The Pythagorean Theorem is a fundamental principle in geometry, especially useful when dealing with right triangles. It relates the lengths of the sides in a right triangle and enables us to calculate the length of any side when the lengths of the other two sides are known. The theorem states:
\[ a^2 + b^2 = c^2 \]
where \(c\) is the hypotenuse, the longest side opposite the right angle, and \(a\) and \(b\) are the two legs of the triangle. In the solution provided, this theorem is used to express the unknown side \(b\) in terms of the other known sides, \(a\) and \(c\). This involves rearranging the formula to:
\[ b = \sqrt{c^2 - a^2} \]
This manipulation allows for the calculation of side \(b\) using simple algebraic operations.

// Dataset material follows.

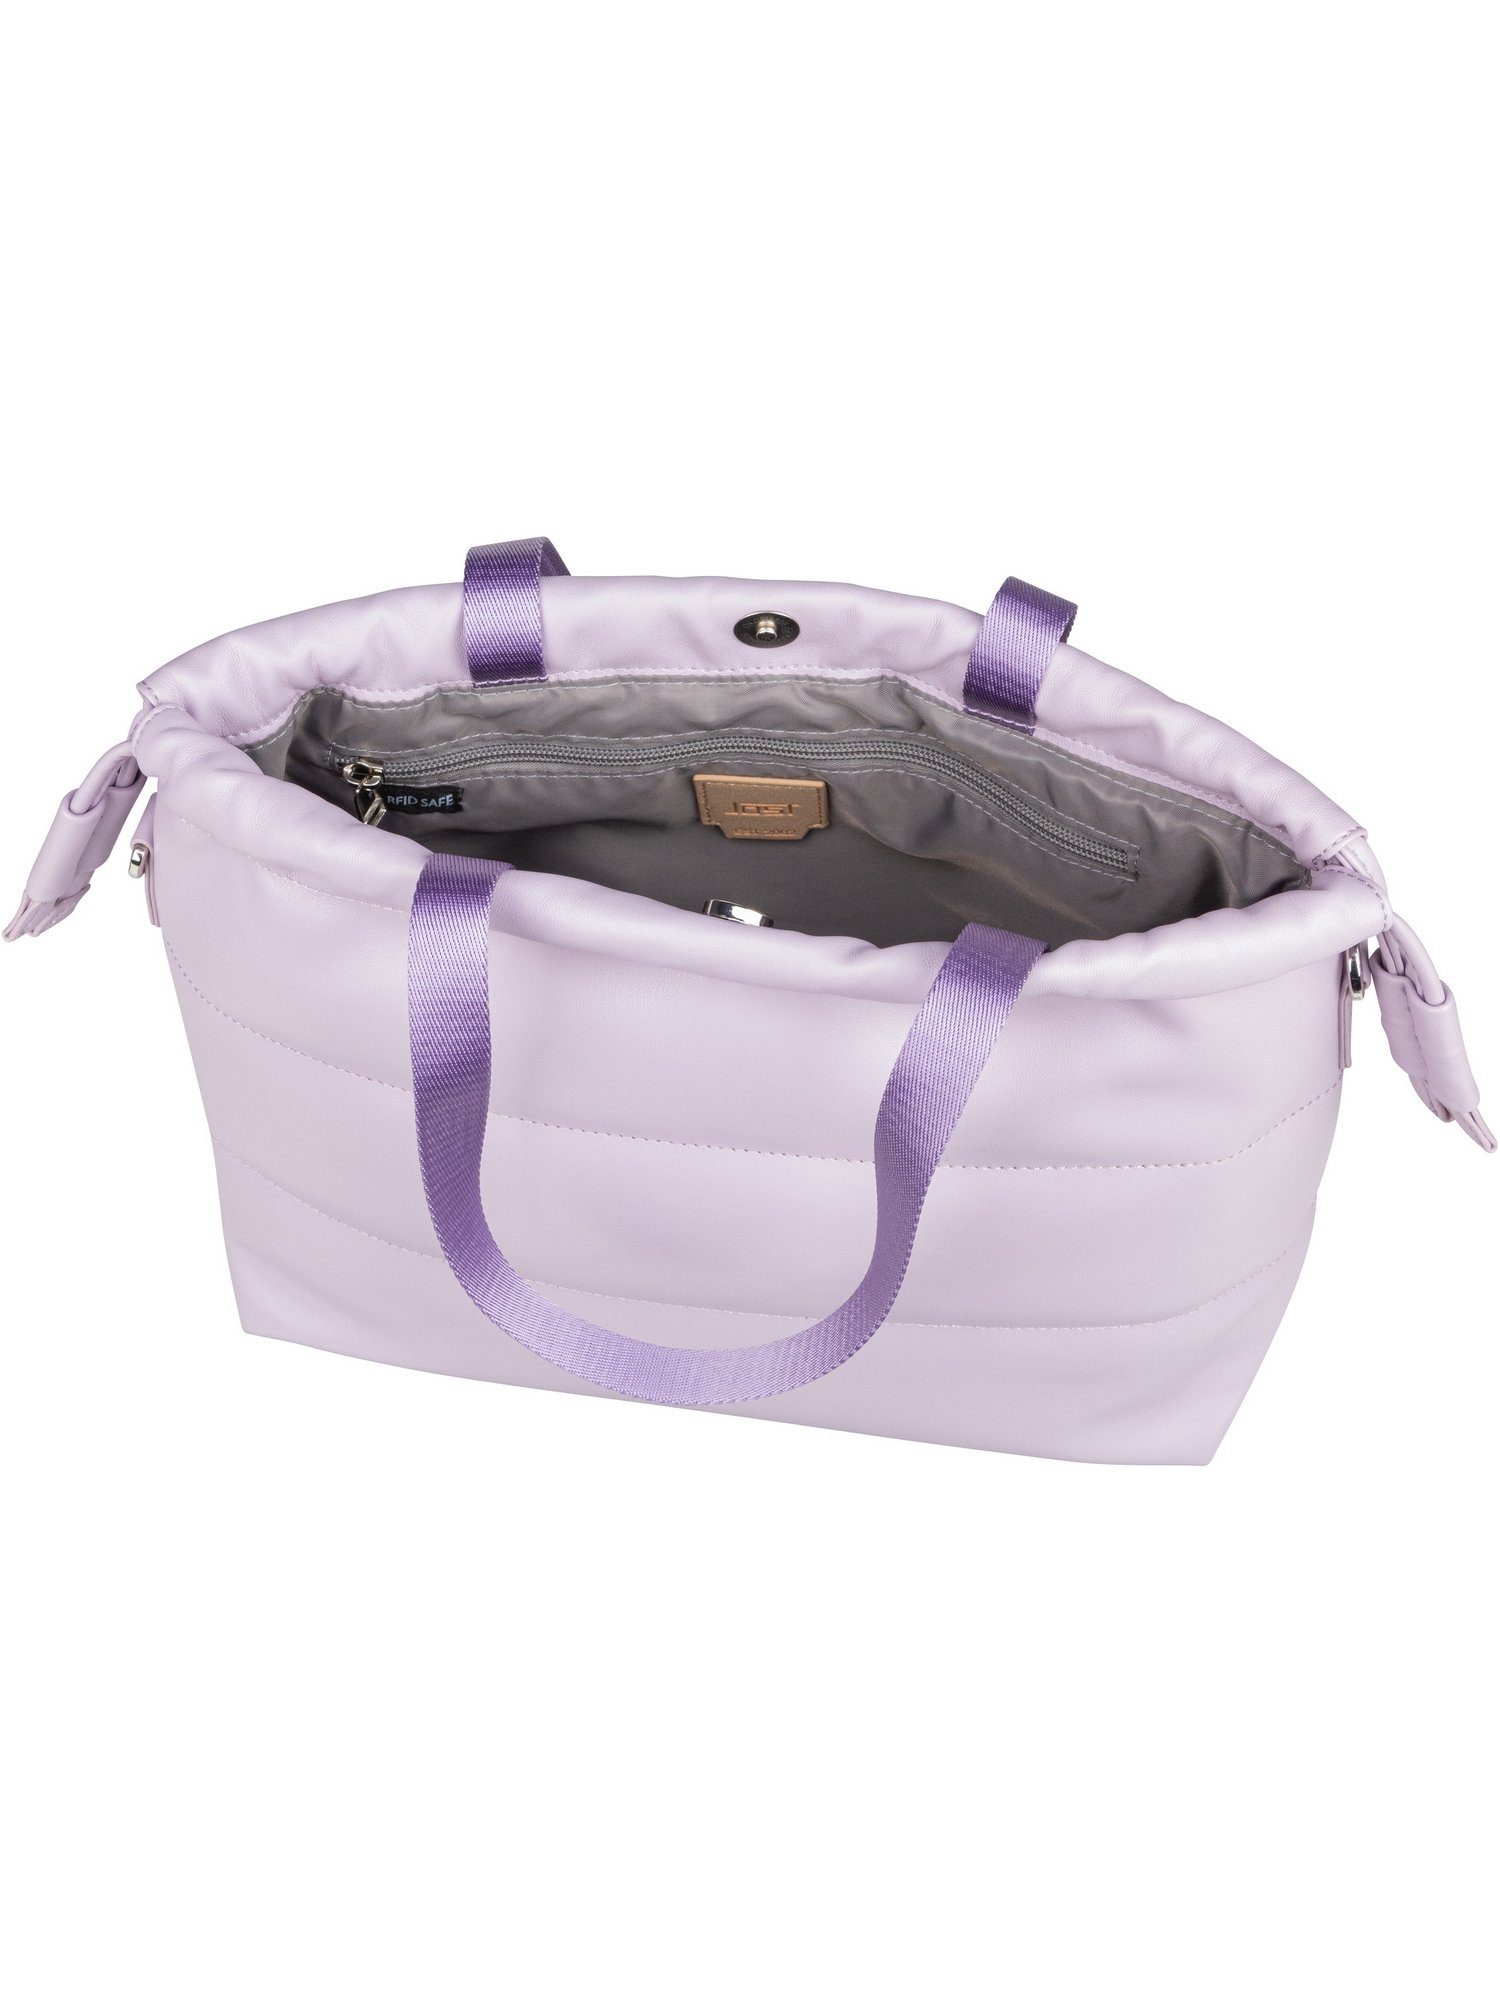 Bag Lilac Drawstring Jost Handtasche Shoulder Bag, Kaarina

Trigonometric ratios are powerful tools in understanding and working with triangles, especially right triangles. They relate the angles and sides of the triangle, providing different ways to calculate the unknowns. There are three primary trigonometric functions: sine, cosine, and tangent. For a right triangle:

• Sine of an angle \(\beta\) is \(\sin(\beta) = \frac{\text{opposite side}}{\text{hypotenuse}}\)
• Cosine of an angle \(\beta\) is \(\cos(\beta) = \frac{\text{adjacent side}}{\text{hypotenuse}}\)
• Tangent of an angle \(\beta\) is \(\tan(\beta) = \frac{\text{opposite side}}{\text{adjacent side}}\)

In the exercise, we use these relationships to find side \(a\) and side \(b\). Because the sine function relates \(a\) and the hypotenuse \(c\) by \(a = c \sin(\beta)\), we can deduce that this holds true for finding \(a\). Similarly, the cosine function helps us find \(b\), \(b = c \cos(\beta)\). These functions make calculating unknown angles or sides much simpler.

In any triangle, the sum of the interior angles is always \(180^{\circ}\). For right triangles specifically, one of those angles is always \(90^{\circ}\), which simplifies the relationship between the remaining two angles. Therefore, if you know one of the angles, you can easily find the other because:
\[ \alpha + \beta + \gamma = 180^{\circ} \]
Given \(\gamma = 90^{\circ}\), we find that \(\alpha + \beta = 90^{\circ}\). Knowing just one angle in the right triangle automatically gives you the third angle:

• If you know \(\beta\), you can find \(\alpha = 90^{\circ} - \beta\)
• If you know \(\alpha\), you can find \(\beta = 90^{\circ} - \alpha\)

Having a clear grasp of these angle relationships provides an excellent foundation for solving and analyzing the entire triangle.